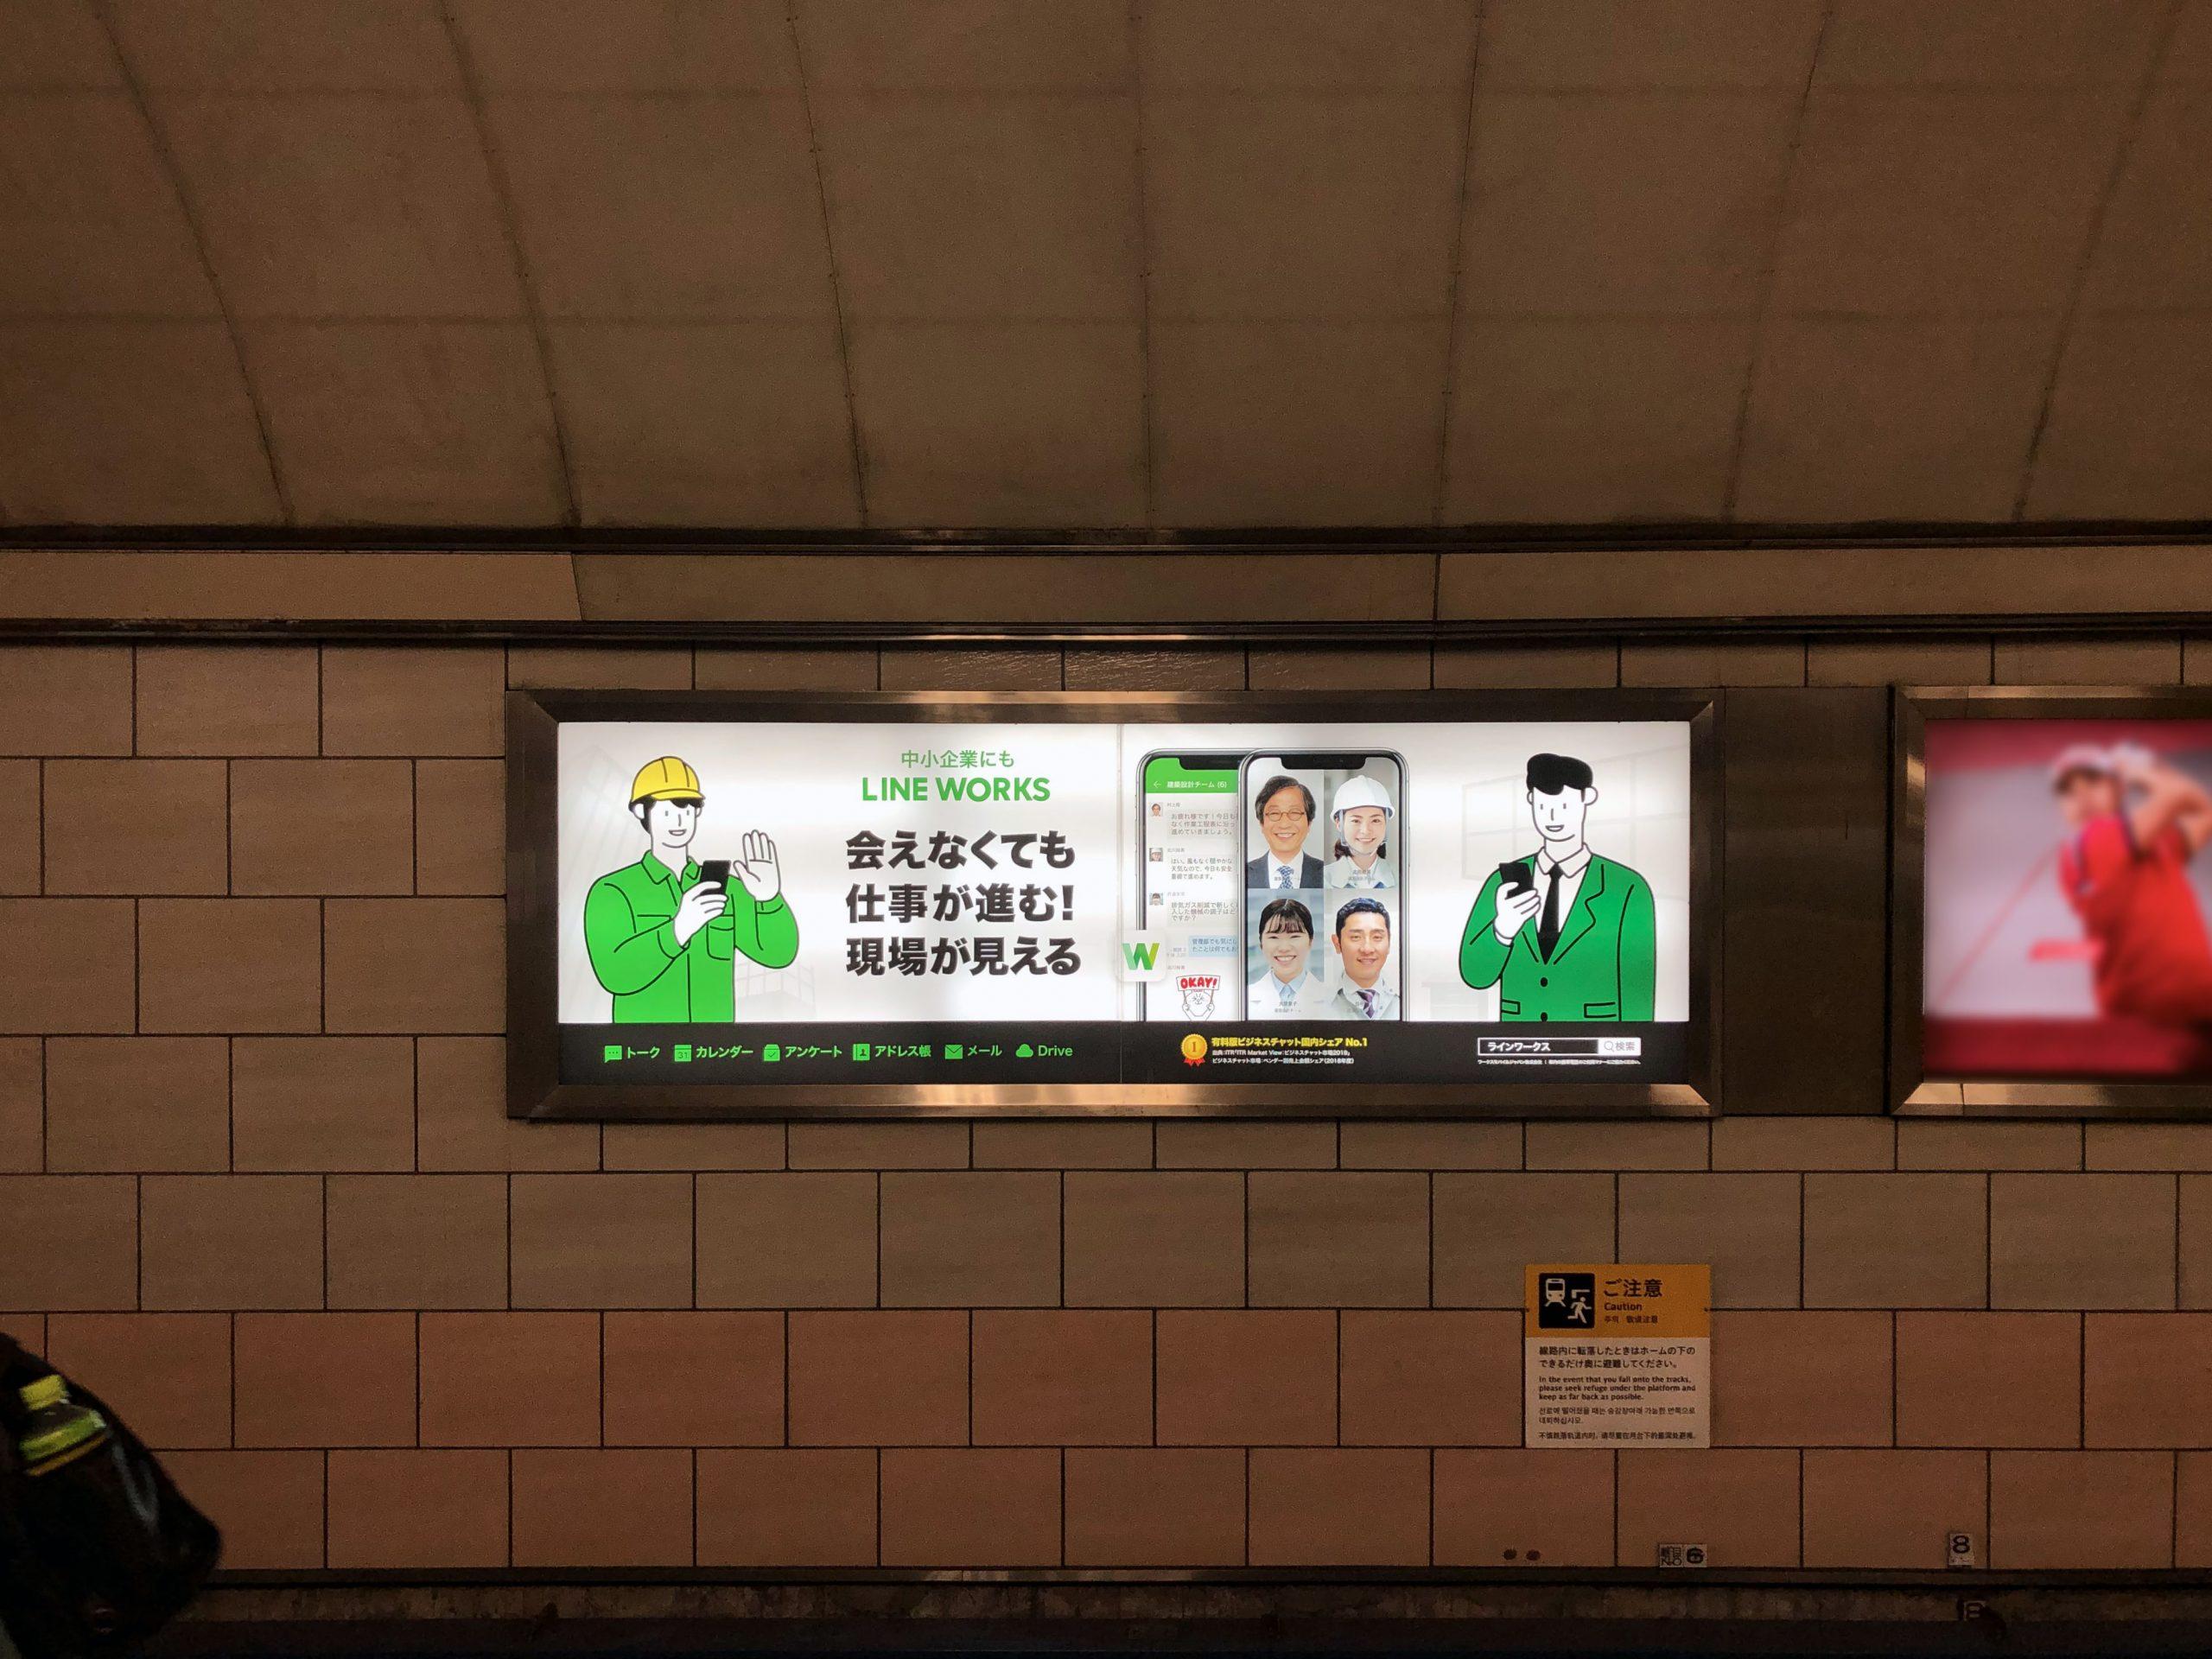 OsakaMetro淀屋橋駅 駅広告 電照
####
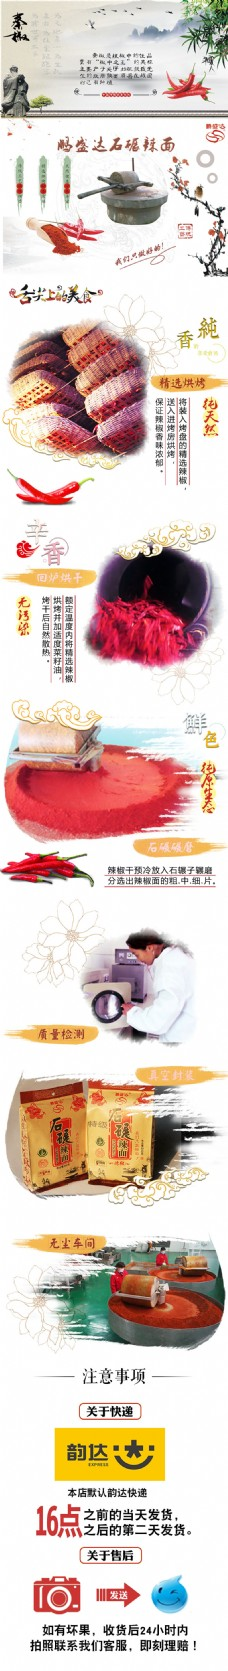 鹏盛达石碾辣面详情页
####
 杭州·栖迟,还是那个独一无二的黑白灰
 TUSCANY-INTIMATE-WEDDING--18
####
Work to complete:
Could you return exactly the lines above from the line with "杭州·栖迟,还是那个独一无二的黑白灰" to the line with "TUSCANY-INTIMATE-WEDDING--18", both included, and nothing else?

Solution to this task:
 杭州·栖迟,还是那个独一无二的黑白灰
 TUSCANY-INTIMATE-WEDDING--18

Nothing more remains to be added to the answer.